栃木イレブンのリバウンドメンタリティーも見事だったが、降格が決まっても選手のモチベーションを維持させた小林監督の手腕も賞賛されるべきだろう。ちなみに、ラスト7戦を1勝1敗5引き分けでシーズンを締めくくっており、フロントもこの手腕を評価した上での続投要請だったと思われる。

小林監督も公式サイト上で、「この責任どう取るべきかというのをずっと考えてきました」と悩んだ末の決断だったことを明かした上で、「戦術をさらに徹底して落とし込むことができれば、今シーズンの負けを引き分けに、引き分けのゲームを勝利にもっていくことができるのではないか」と、早くも視線は来季に向いている。

レンタル選手が多いが故に不確定要素も多いが、監督自身が語るように戦術を徹底させていけば、来季J3の主役を張れるだけのポテンシャルは持っている。なにせ指揮官は、過去に指導した6クラブのうち4度の昇格を達成した「昇格請負人」だ。J通算600試合を超える知将に率いられ、1年でのJ2復帰の可能性も高いのでないだろうか。


小林慶行監督 写真:Getty Images

ジェフユナイテッド千葉:小林慶行監督

評価:★★☆☆☆/続投可能性:30%

果たしてジェフユナイテッド千葉はJ1に昇格する気があるのだろうか…。そんな気持ちにさせられる最終節(対モンテディオ山形/0-4)の惨敗劇だった。

2023年、コーチから昇格する形で就任した小林慶行監督。昨2023シーズンは6位で昇格プレーオフに進出し(準決勝で東京ヴェルディに1-2敗退)、今シーズンいよいよ「オリジナル10」の復活かと感じさせたが、ラスト2戦の敗戦によって4位からプレーオフ切符すら逃した。
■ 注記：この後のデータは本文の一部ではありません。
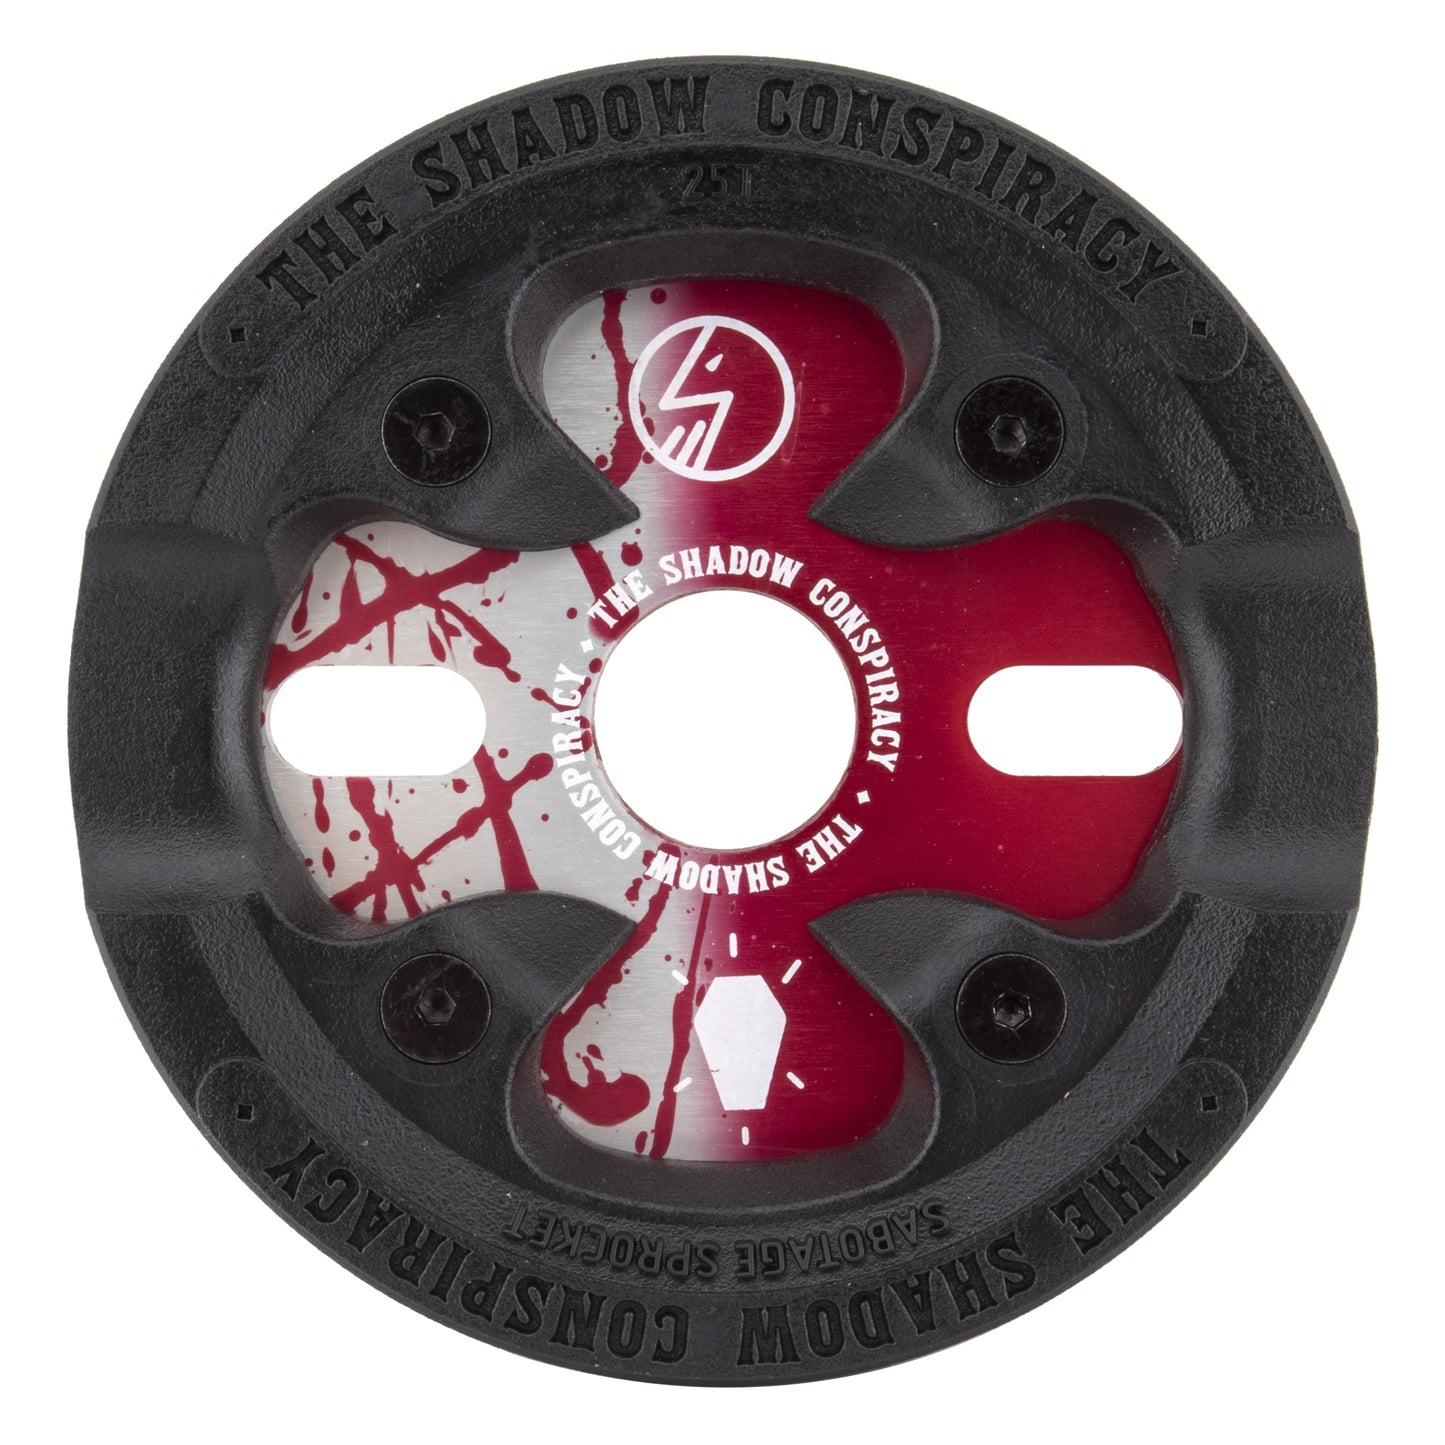 The Shadow Conspiracy Chainring Sprocket Sabotage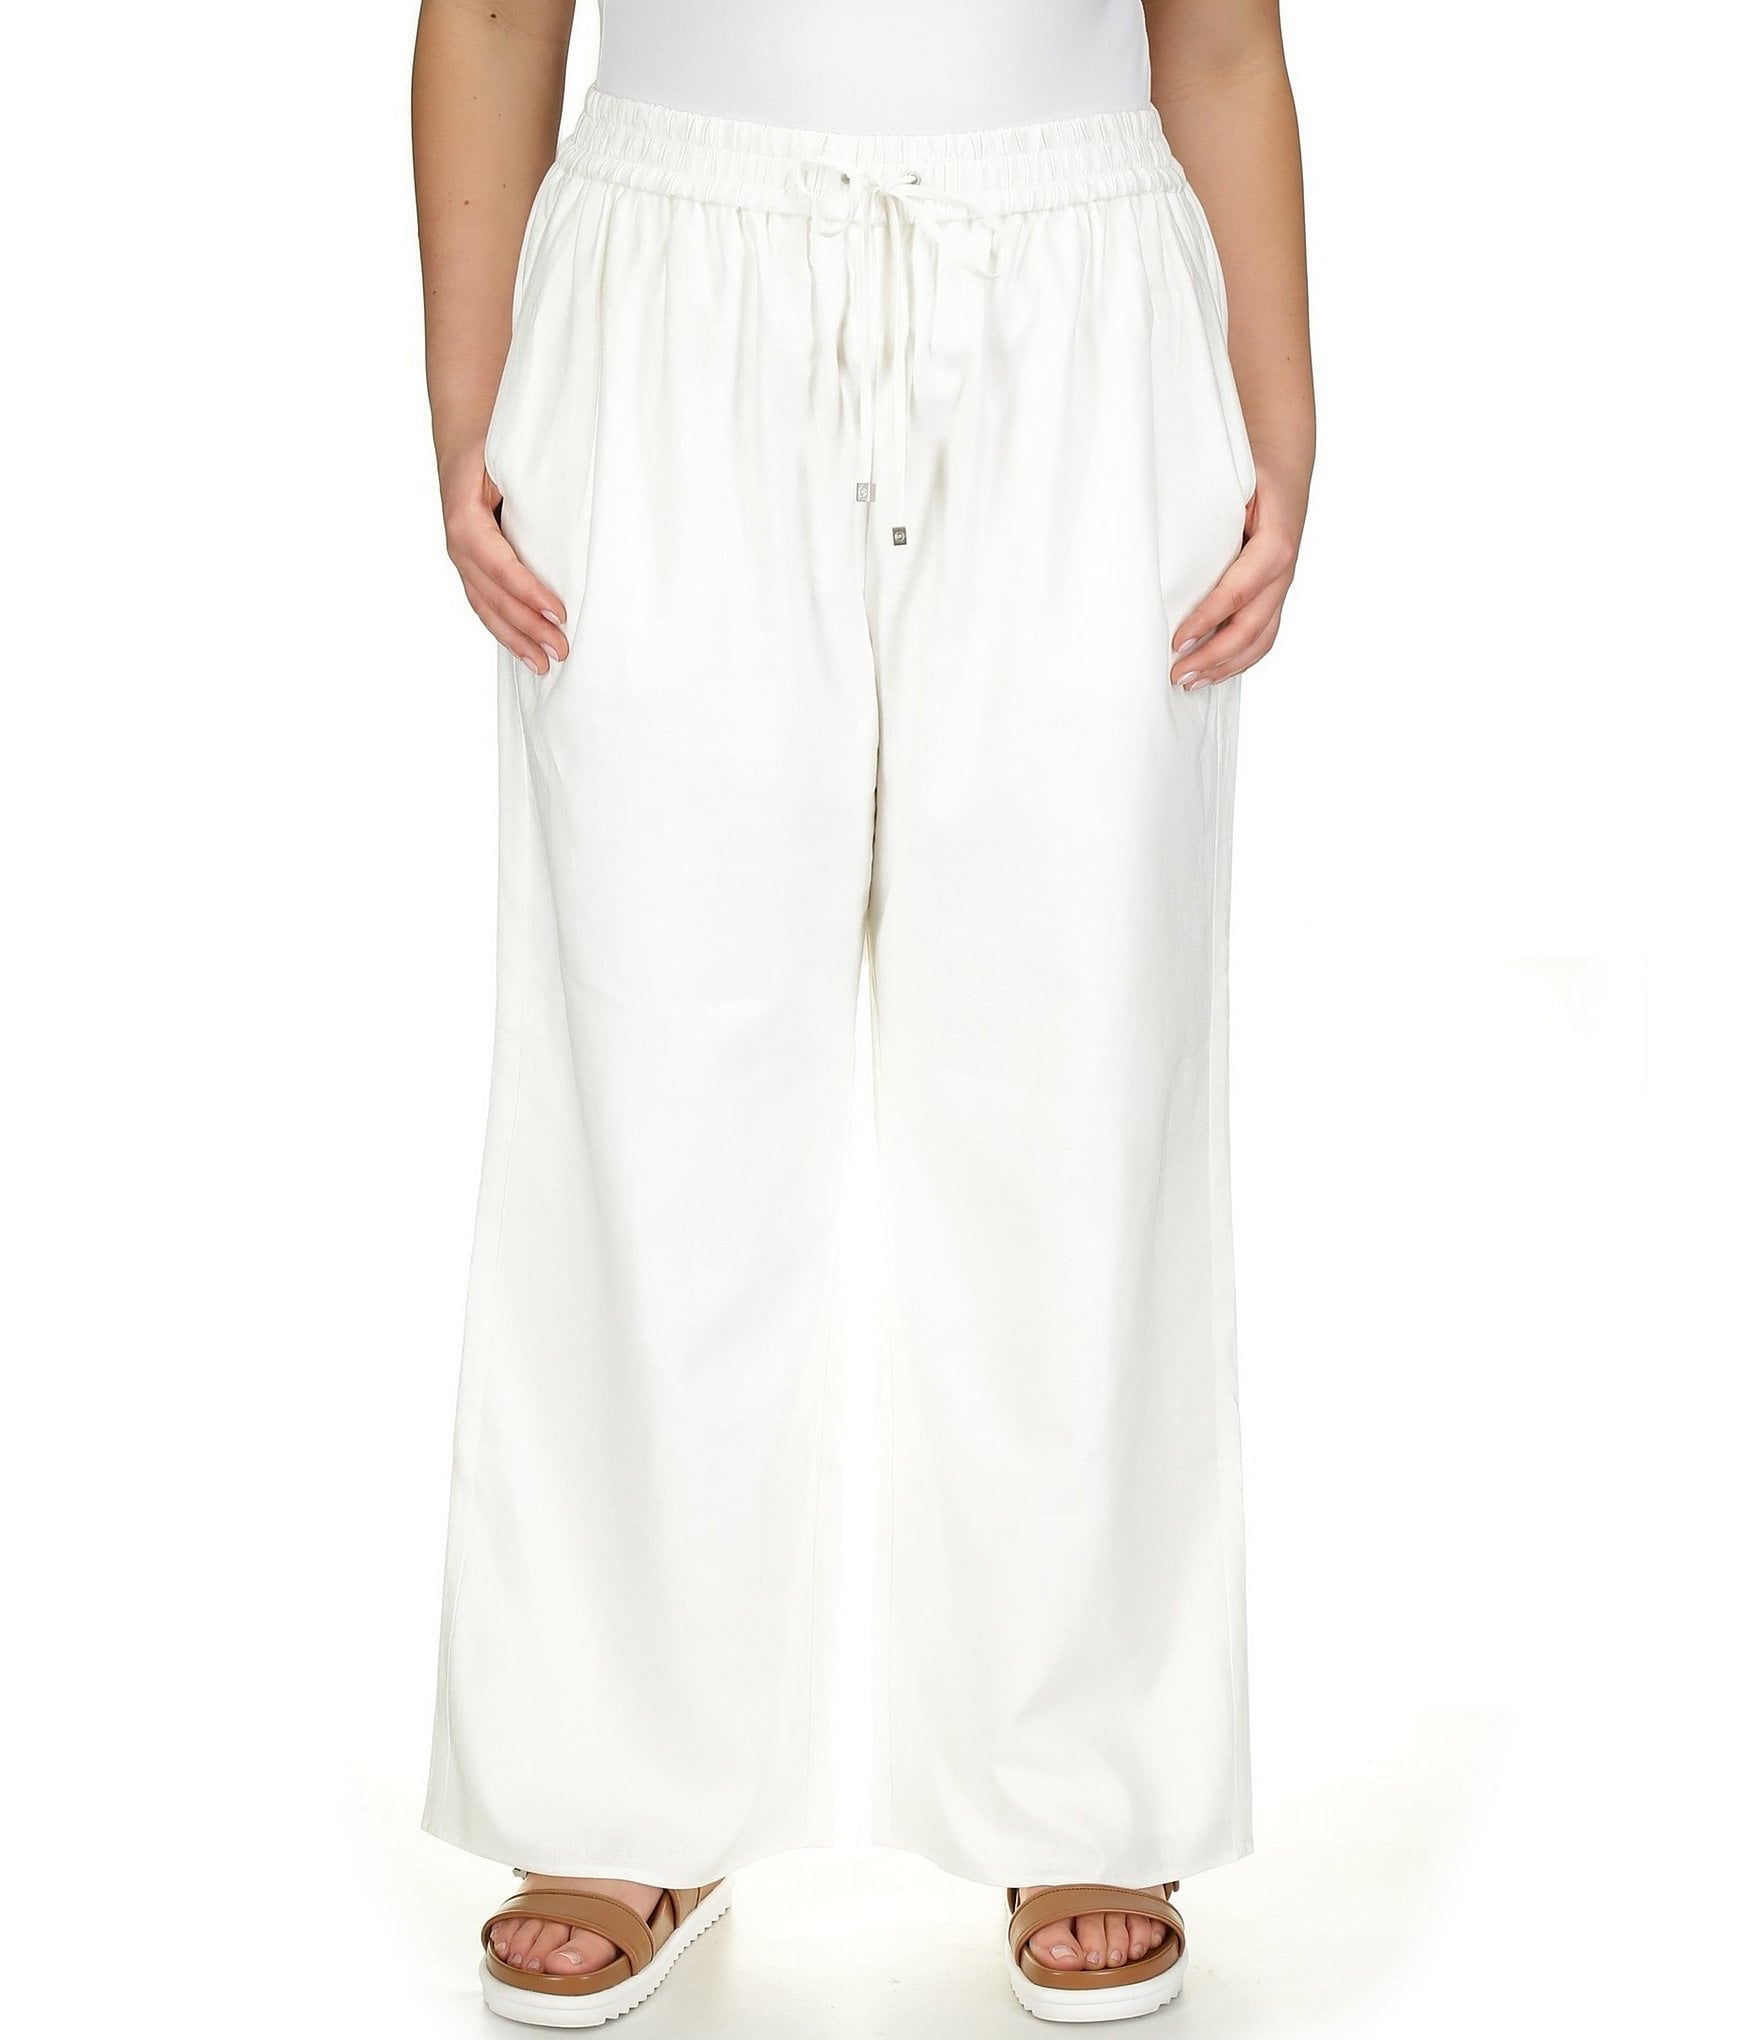 Buy In The Style women plus size cotton blend drawstring pants ivory Online

最終戦翌日、島田亮代表取締役は「シーズン終了のご挨拶」と題し、謝罪と感謝の思いを言葉に連ねたが、監督人事には触れなかった。

2006年に日本代表に就任したイビチャ・オシム監督(2003-06)を除けば、ファン・エスナイデル監督(2017-19)、尹晶煥監督(2020-22)と3年毎に監督を代えてきた千葉。前例に従えば、小林監督にもう1年猶予があってもいいだろう。前述2監督よりも好成績を上げているのも事実だ。天皇杯でもJ1のFC東京を破る下剋上を演出した。